### [Assignment]
The range runs from the line containing "Daily Paper - ransel" through the last line of the material below; retype it exactly, leaving out the pictures.

### [Data below]
Segment Open
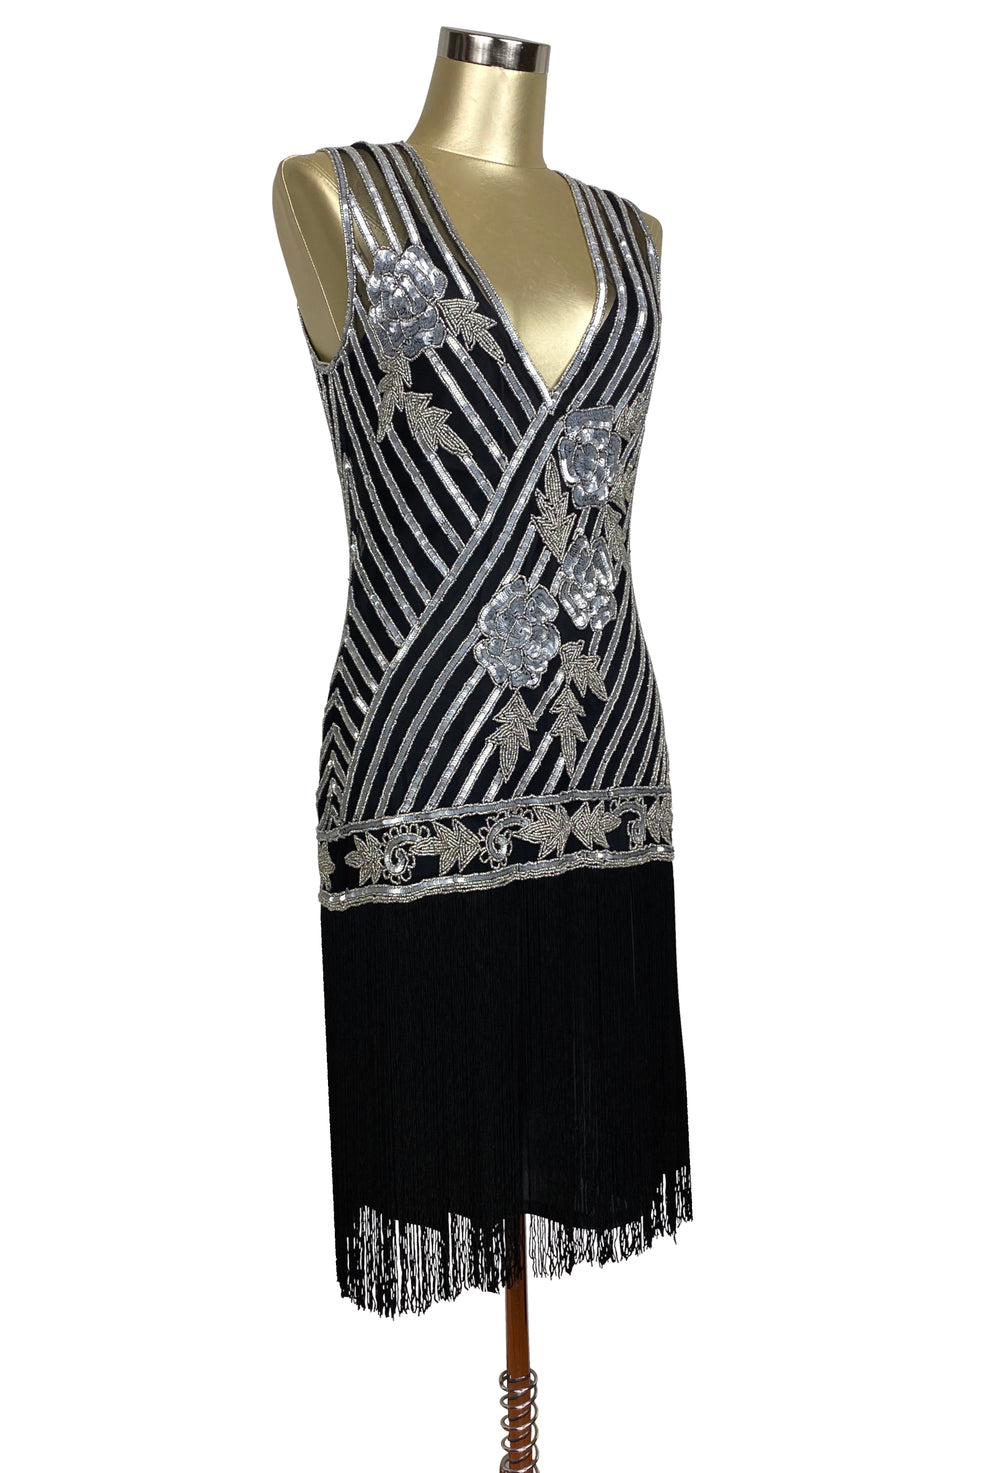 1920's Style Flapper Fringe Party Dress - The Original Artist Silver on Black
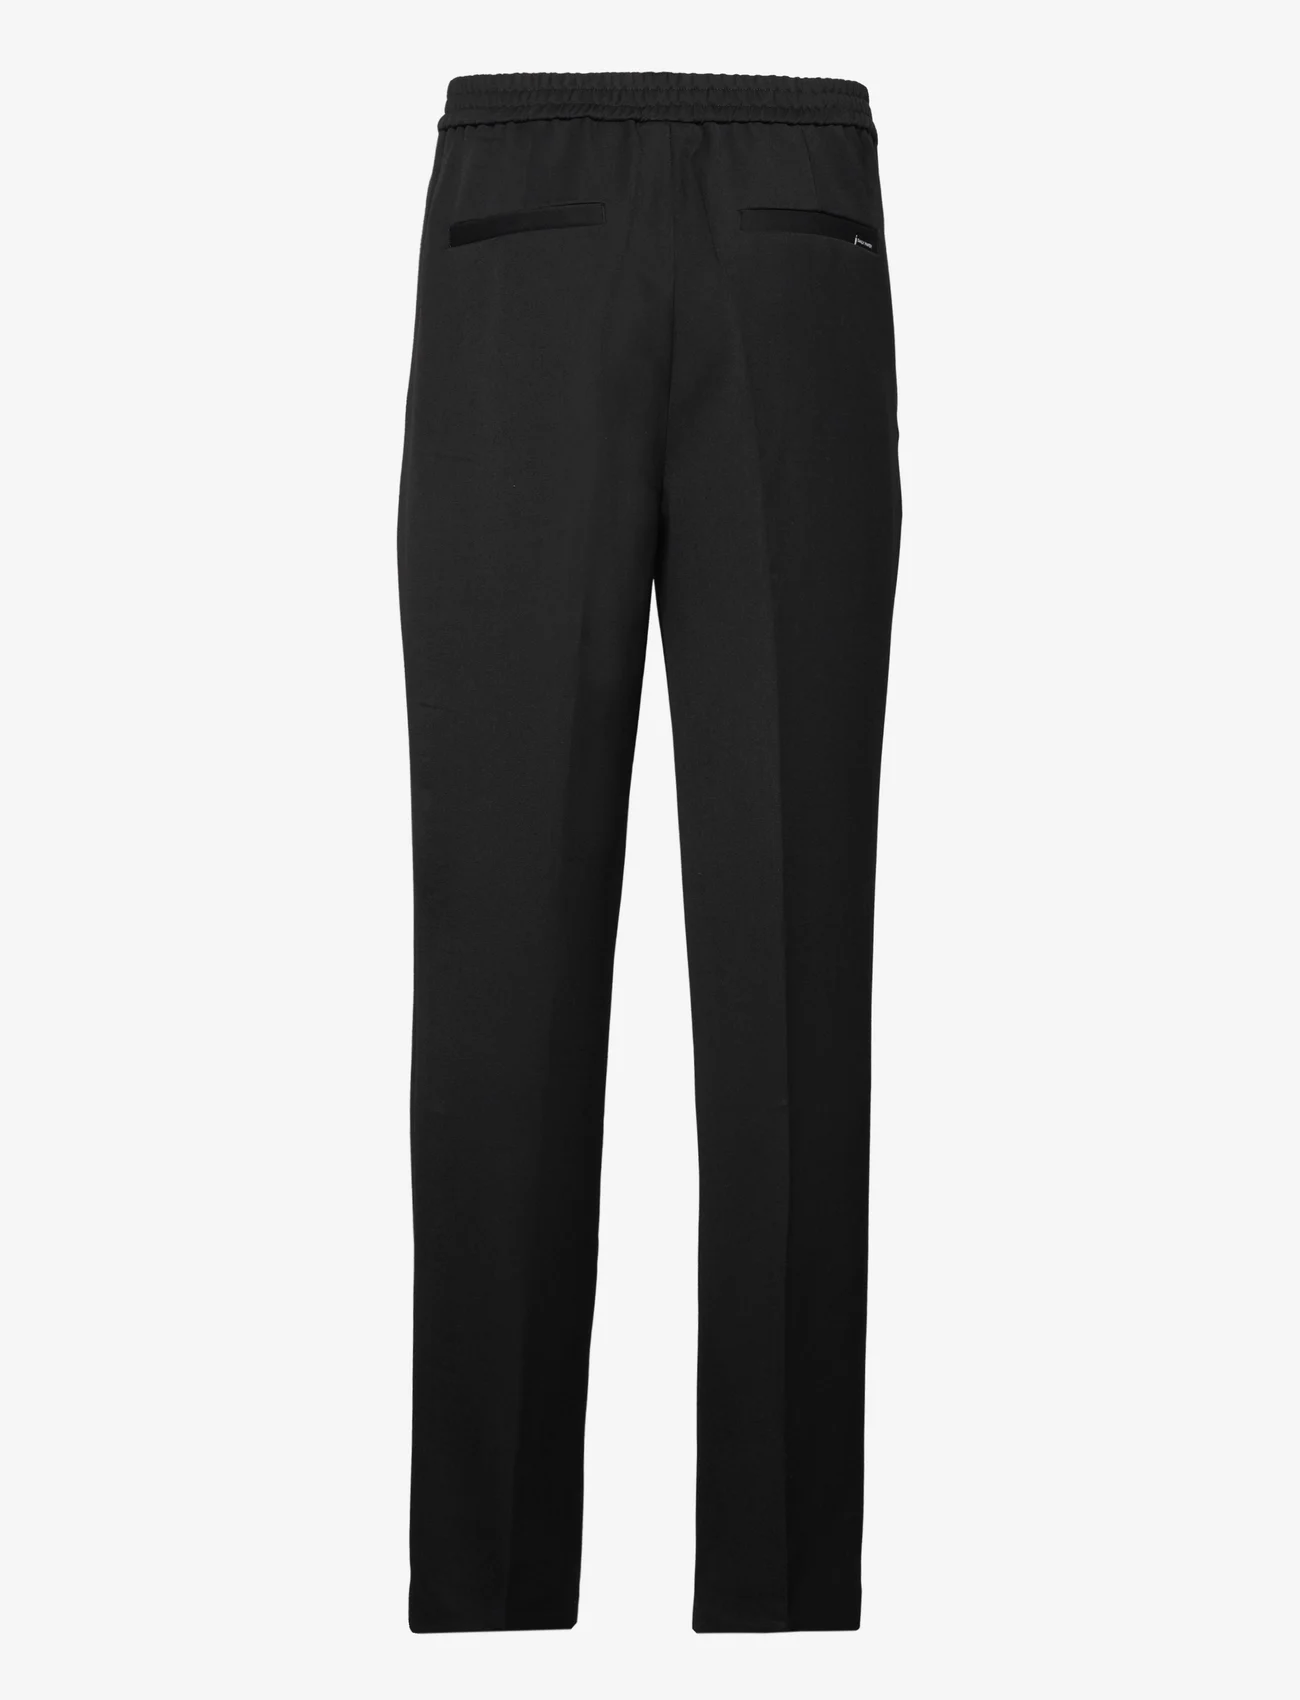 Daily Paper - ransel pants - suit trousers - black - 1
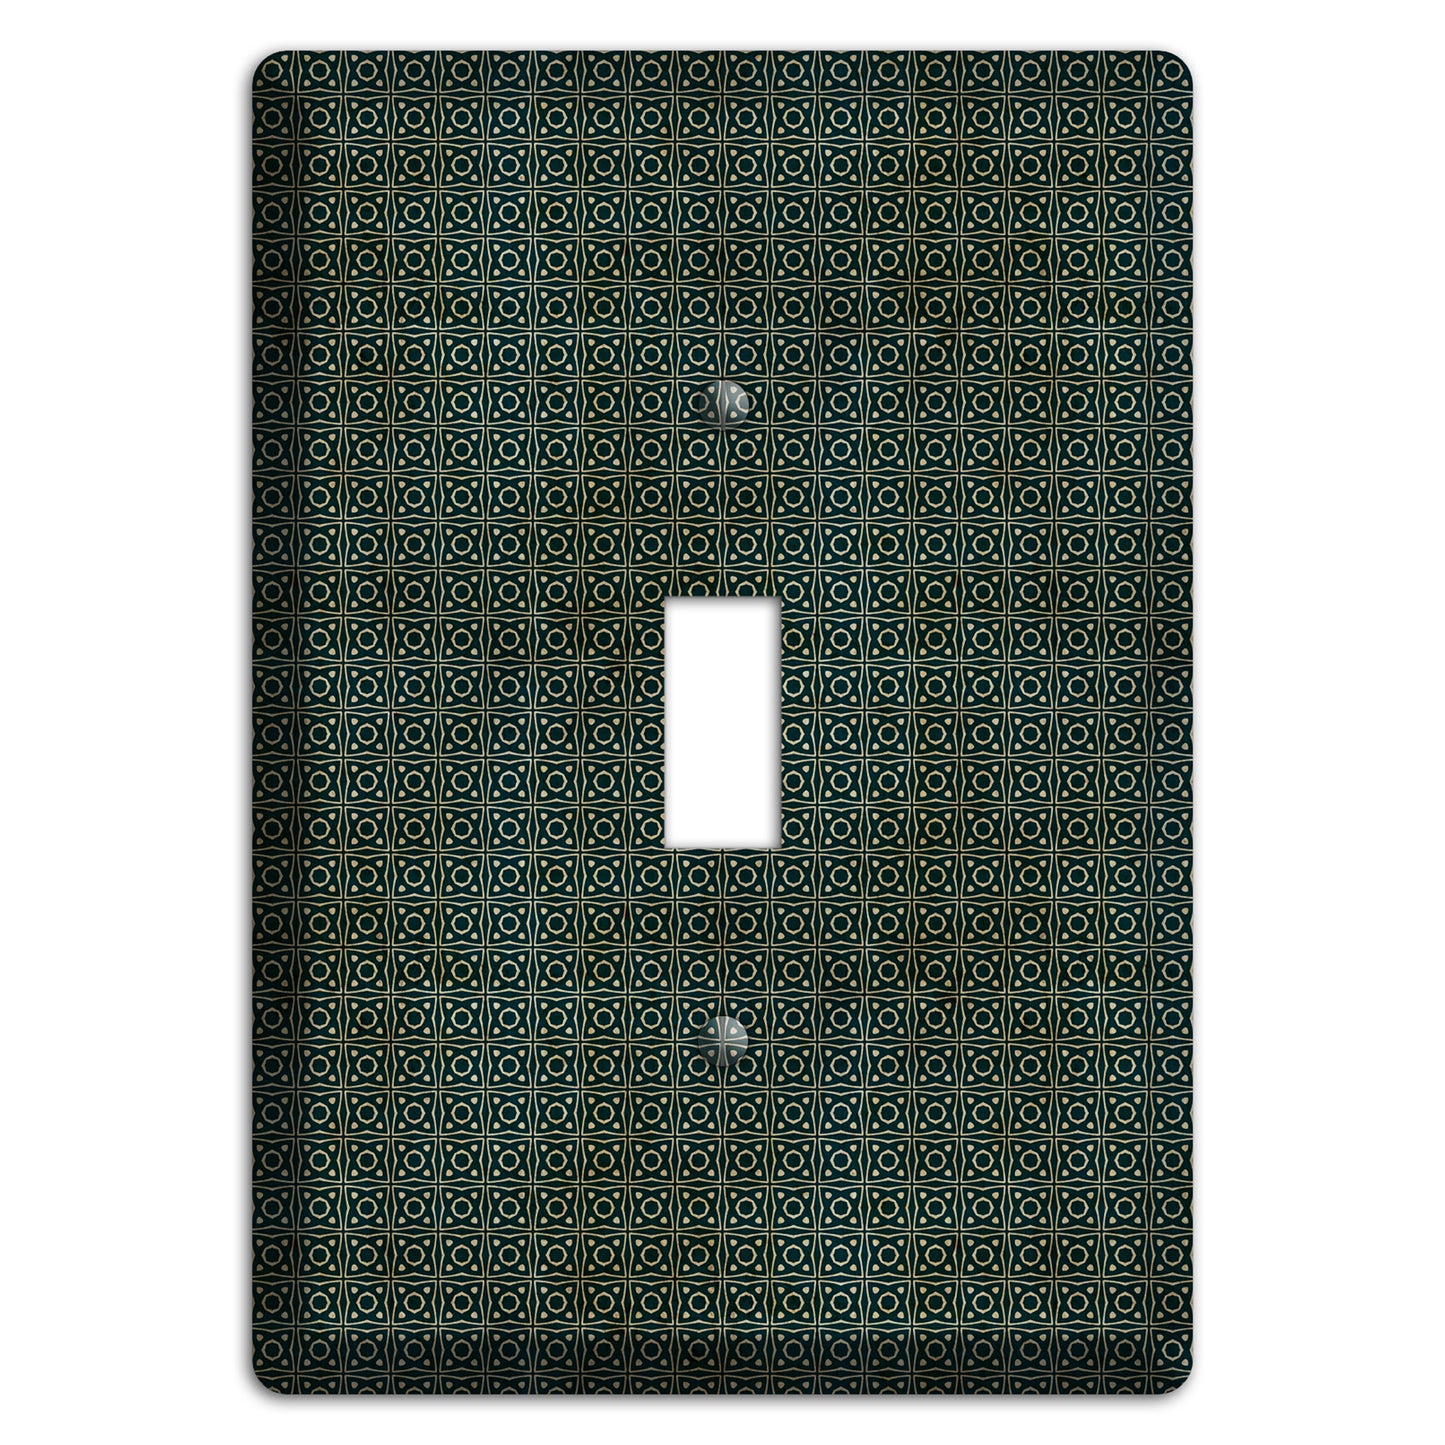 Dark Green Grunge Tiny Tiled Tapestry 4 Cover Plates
Segment Closed
### [Output for this exercise]
 Daily Paper - ransel pants - suit trousers - black - 1
 Dark Green Grunge Tiny Tiled Tapestry 4 Cover Plates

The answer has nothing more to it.